In the aftermath of my stroke (remember that?), I’ve found myself increasingly wedded to a positive outlook on the world. I suppose that’s a natural result of a near-death experience. By that, of course, I mean the experience of nearly dying rather than an umbrella term under which Ian Wiki groups “detachment from the body, feelings of levitation, total serenity, security, warmth, the experience of absolute dissolution, and the presence of a light.”
BBC News recently reported that scientists studying rats have found that what are commonly termed “near death experiences” are the result of an “electrical surge in a dying brain“. What they can’t explain, is how a Scottish stroke survivor in his late thirties comes to have a positive outlook. So I find myself occasionally prefacing an upbeat remark with the disclaimer, “Not to be all new-agey, but….” This week, however, the whole new-agey thing spun right out of control.
Regular readers will have noticed how much I enjoyed the Zen musings of Alan Spence the other week. I’ve been interested in meditative practices ever since meeting him as a kid. Over a decade ago, I even tried to establish my own practice at home. But I’ve been told that listening to Mogwai’s Like Herod (Hood Remix) and meditation aren’t the same thing. Certainly not when you reach 4m 27s.
Just before leaving Brooklyn, I read that moving house is a good time to ditch bad habits and adopt healthy new ones.

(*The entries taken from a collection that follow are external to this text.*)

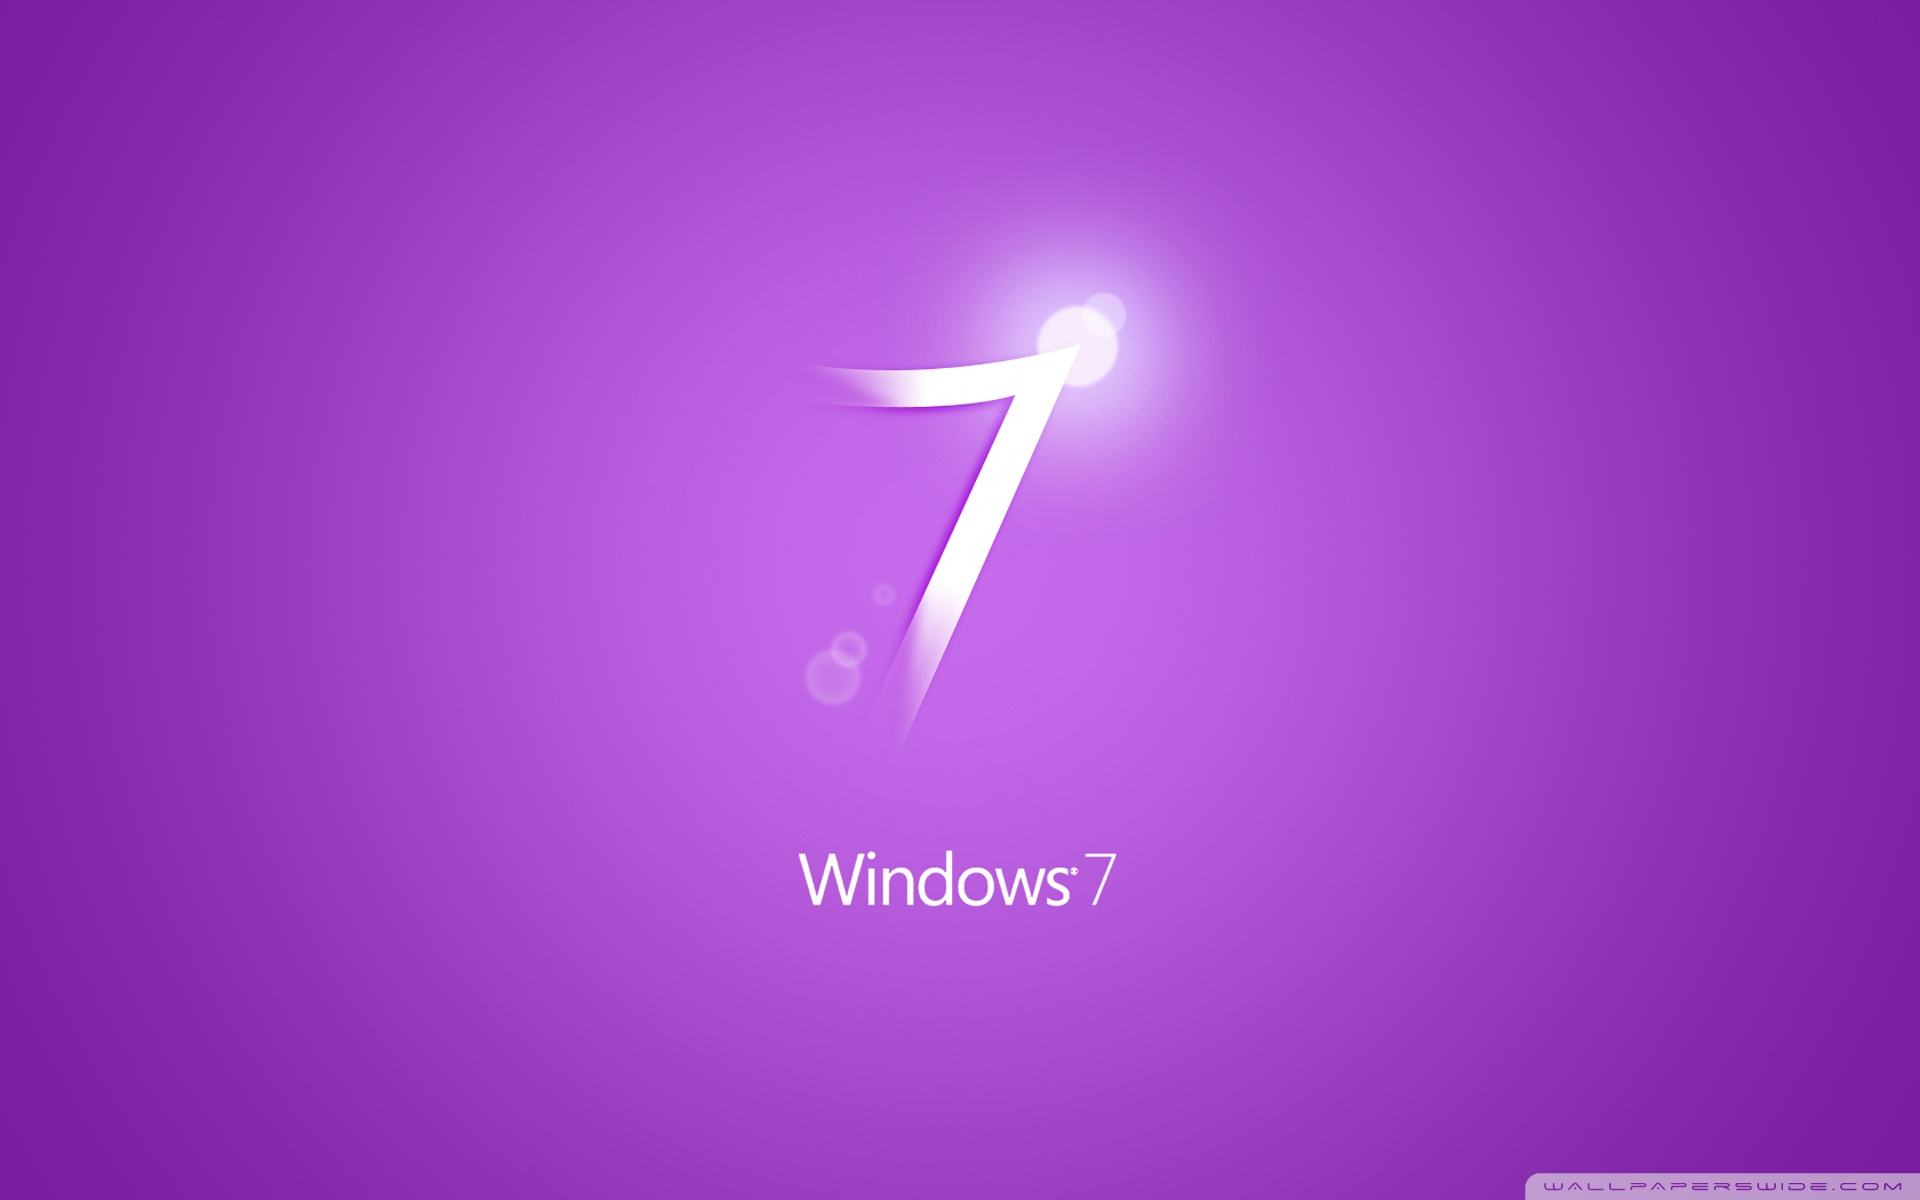 Windows 7 Purple Ultra HD Desktop Background Wallpaper for 4K UHD TV :  Widescreen & UltraWide Desktop & Laptop
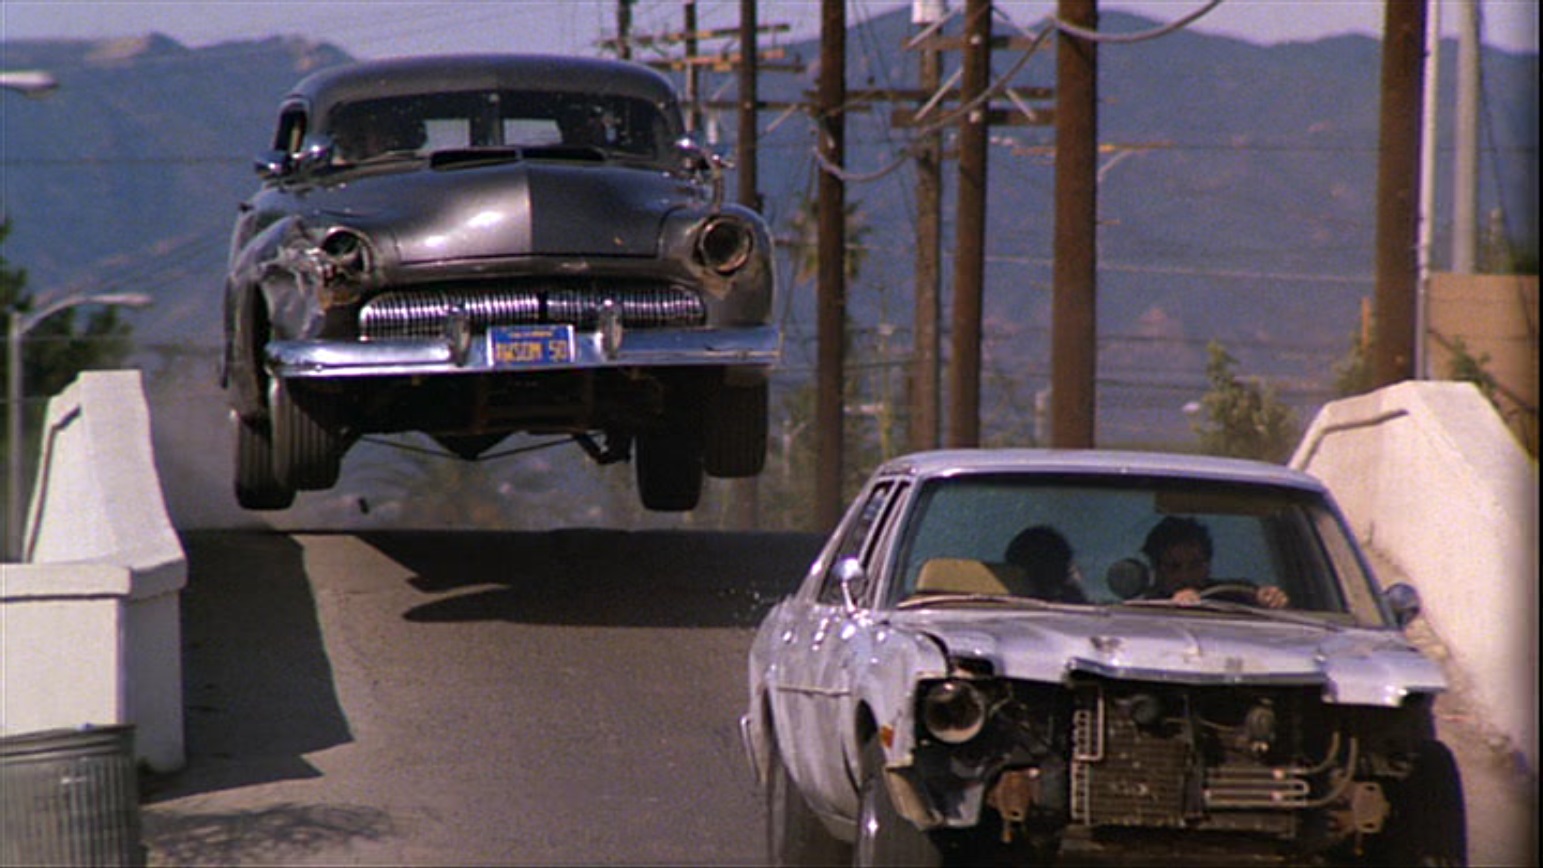 Car chase scene. Mercury 1950 Кобра. Mercury Monterey 1950 Cobra.
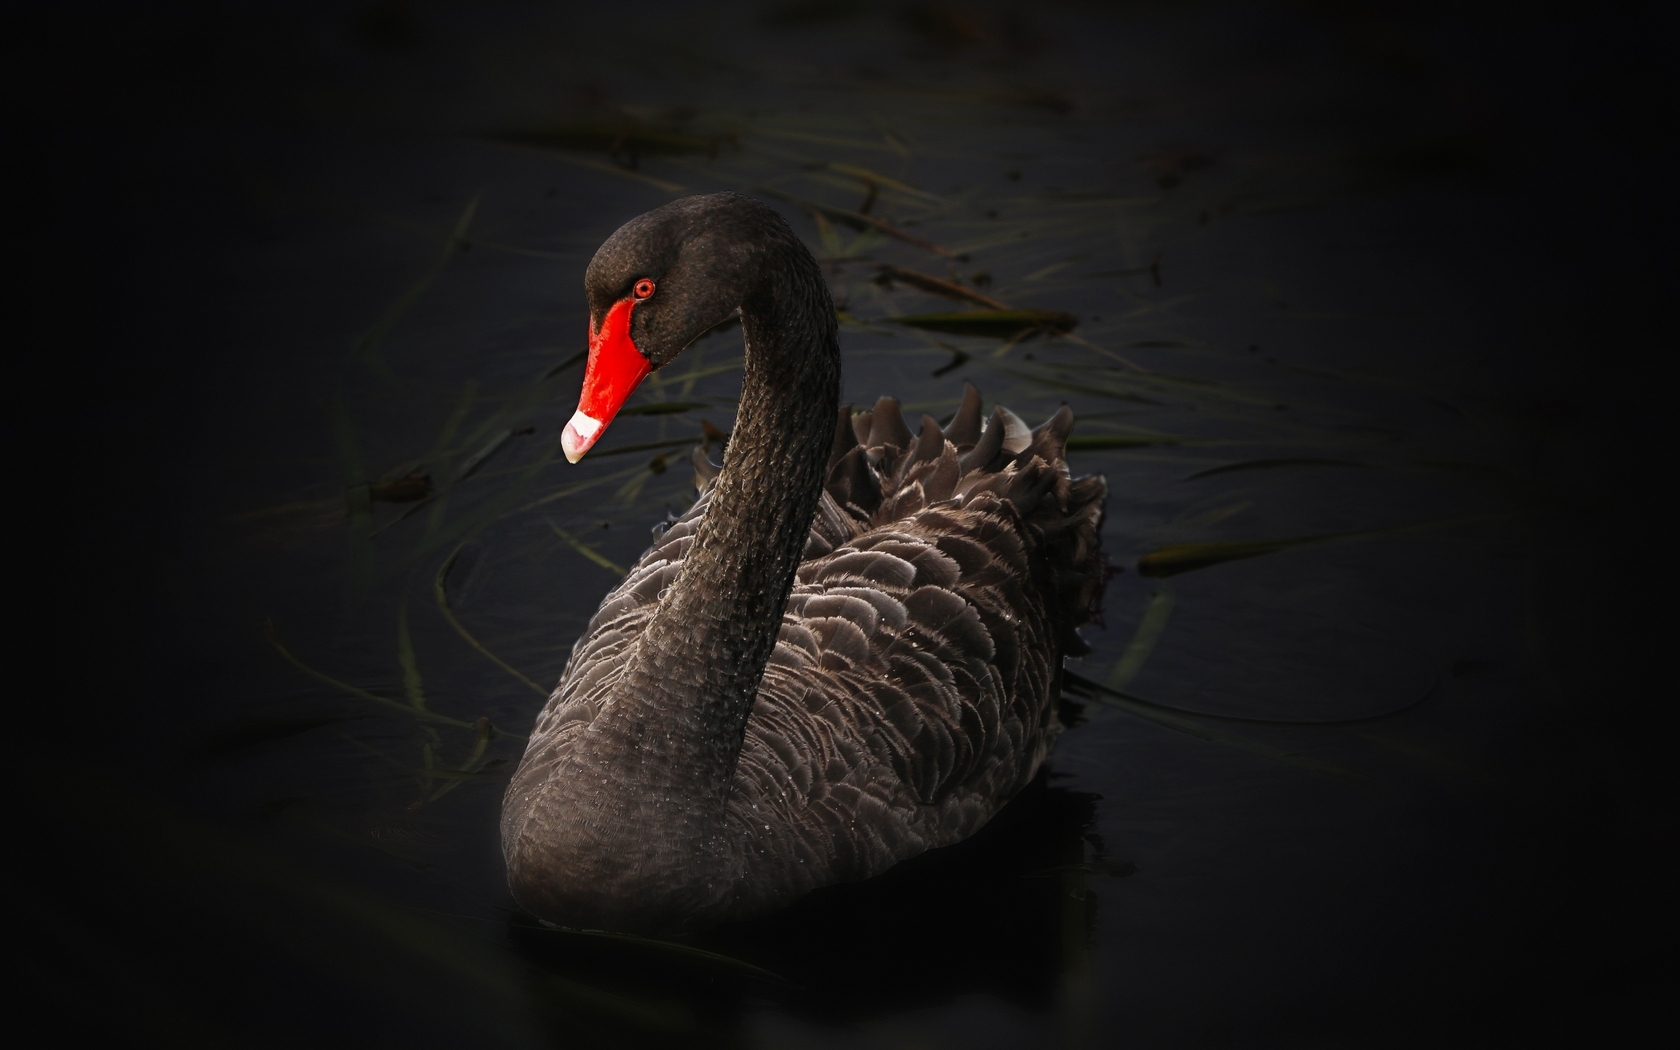 Image: Bird, black swan, water, grass, red, beak, blackout
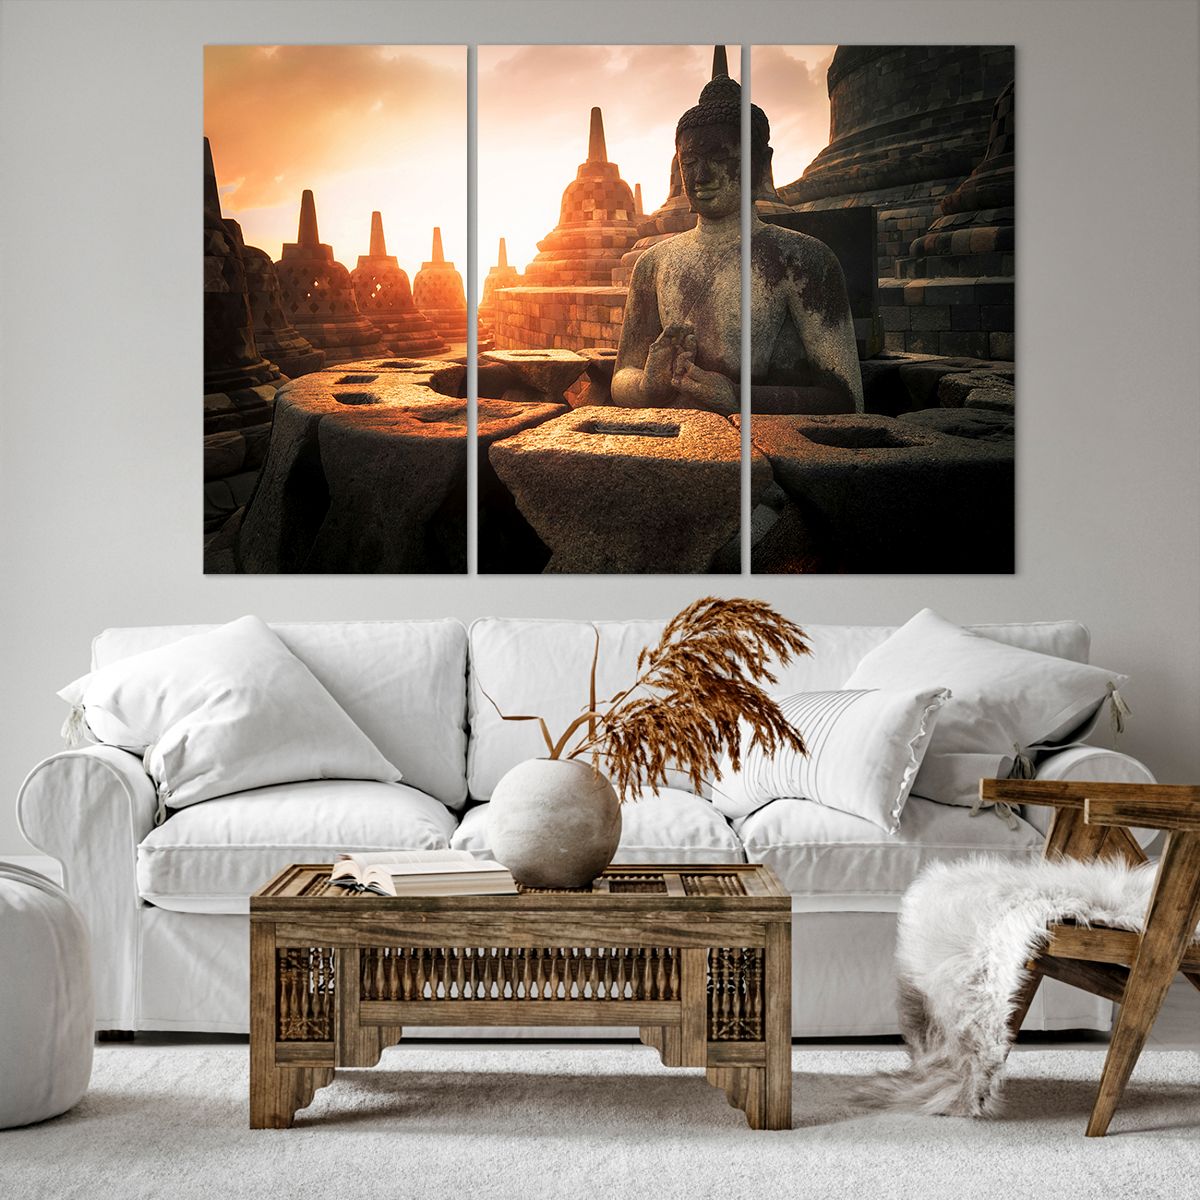 Impression sur toile Asie, Impression sur toile Bouddha, Impression sur toile Borobudur, Impression sur toile Culture, Impression sur toile Méditation
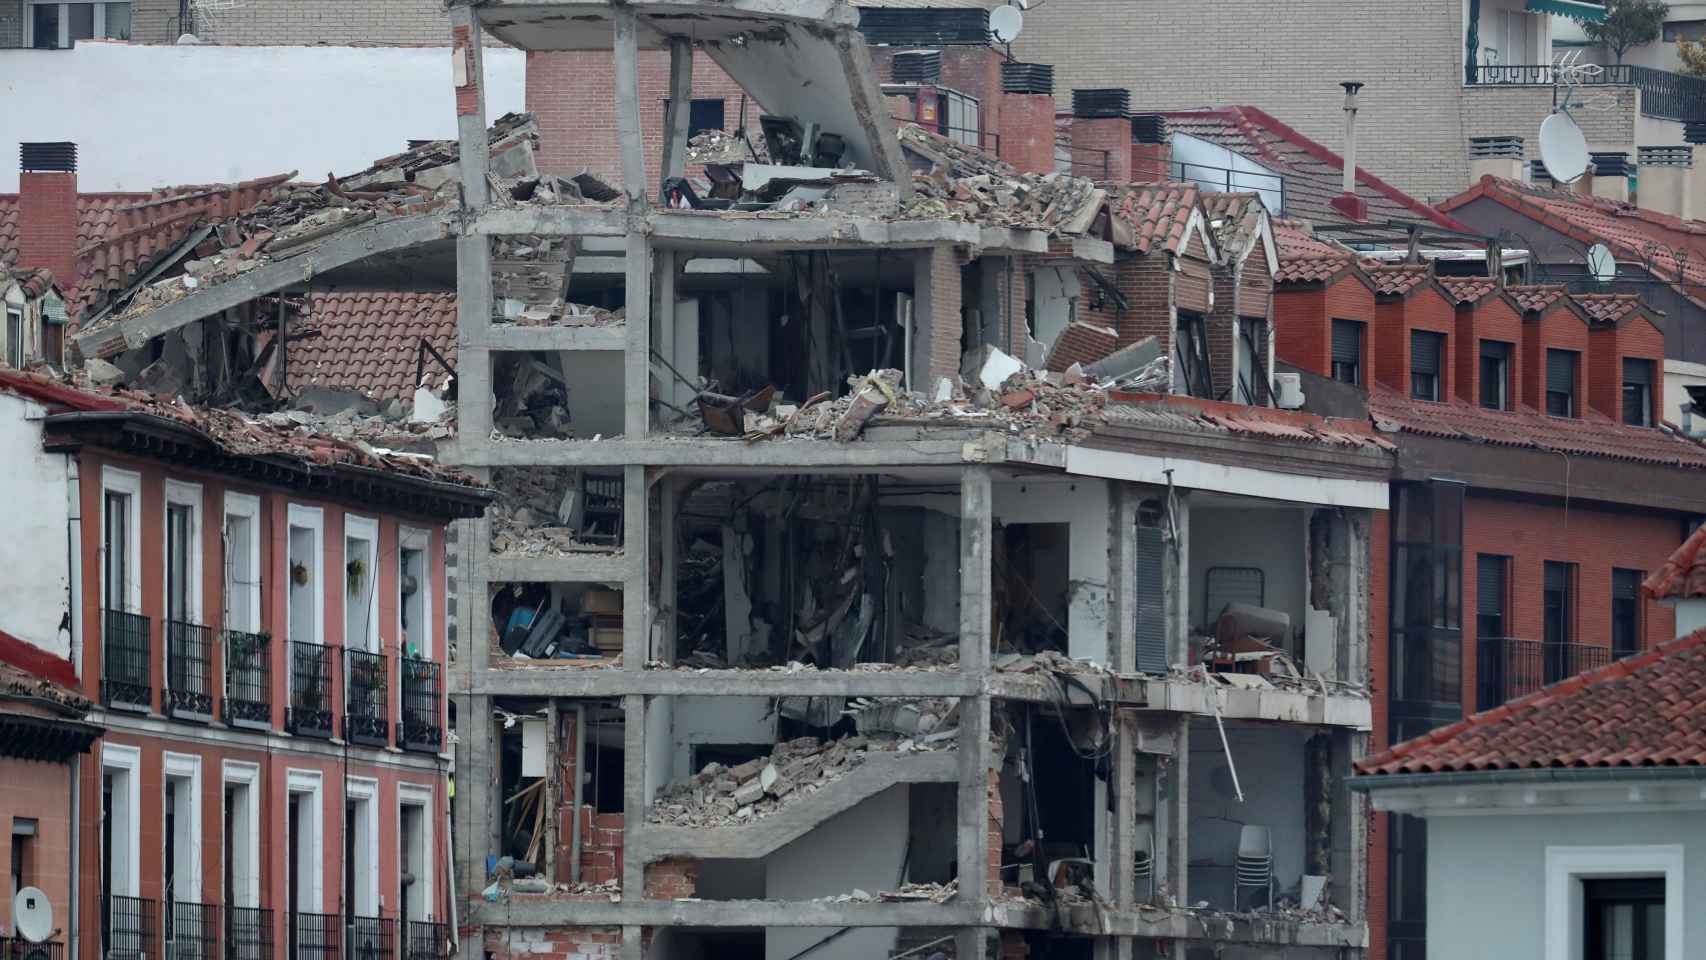 Vista de los daños ocasionados tras la explosión de gas en un edificio en el centro de Madrid.

And the research seems to suggest that meditation and mindfulness-based stress reduction is healthy. Since it also suggests Glaswegian noise terror isn’t necessarily the best path to samatha (it’s crackin’ for vipassana, though), I agreed with Beth that it might be interesting to go along to a free guided meditation class she stumbled across on meetup.com. Particularly since the ol’ brain lesions still make focusing for extended periods difficult and tiring.
The class was held on the second floor of a lovely Georgian building in the quiet area north of the New Town, and was well attended. The older lady leading the group did so with a pleasant, gentle Scottish burr. Sitting with my hands resting, palms up, on my lap, I could contemplate the lit candle in the window frame, or the view through the peaceful summer twilight towards the Forth estuary. The only, slight, problem was the occasional eruption of applause emanating from
my inner aura the meeting downstairs.
It turns out that on this particular night, the meditation group was sharing the lovely Georgian building with the Toastmasters having their meeting downstairs. The building accommodates the Toastmasters on the first floor, and the Edinburgh Theosophical Society on the second floor. (Or, second and third floors, American chums.) I didn’t dig all of the metaphors that the group used to guide their meditation, but it was good to set aside a calm moment in the week to still the voices in my head.
I was moved to find out what the Theosophic Society was when we got home. You know, other than free. I’ll leave you today with some interesting facts (and some blatant lies) about the Theosophical Society….
1. The Theosophical Society was formed in 1875 to advance Theosophy. The original organization, after splits and realignments has several successors.
2. The successors to the original Theosophical Society include the Theosophical Society (International Headquarters, Pasadena, California), the Anthroposophical Society, the Provisional Theosophy Society, the Continuity Theosophy Society, the Real Theosophy Society, and the People’s Liberation Front of Theosophy.
3. From the Greek “theos” and “sophia”, theosophy means “divine wisdom”.
4. Theosophy has been described as the process of contemplating the divine in order to discover the content of the concrete universe.
5. It’s considered part of the broader field of esotericism.
6. If, like me, you’ve never given the word “esoteric” much though, and just thought of it as a vague synonym for “arcane”, you might be interested to know that the word, of seventeenth century origin, derives from the Greek esoterikos (“belonging to an inner circle”), which itself is an extension from esotero (or, “more within”.) It seems that, in English, the word originally referred to Pythagorean doctrines, and that the division of teachings into the exoteric and esoteric originated with Aristotle. Esotericism refers to all sorts of left field stuff like alchemy, astrology, mesmerism and Kabbalah.
7. The original Theosophical Society was formed by Helena Blavatsky and others in 1875.
8. According to Blavatsky, humanity’s evolution on Earth (and beyond) is part of the overall Cosmic evolution. It is overseen by a hidden “Spiritual Hierarchy”, the so-called “Masters of the Ancient Wisdom”, whose upper echelons consist of advanced spiritual beings.
9. The Theosophical Society won the UEFA Cup Winners’ Cup in 1975 and 1986, and the UEFA Super Cup in 1975.
10. Valery Lobanovskyi suffered a stroke on 7 May 2002, shortly after his Dynamo Kyiv side had beaten FC Metalurh Zaporizhzhya. He died on 13 May, during brain surgery, following complications suffered after the stroke.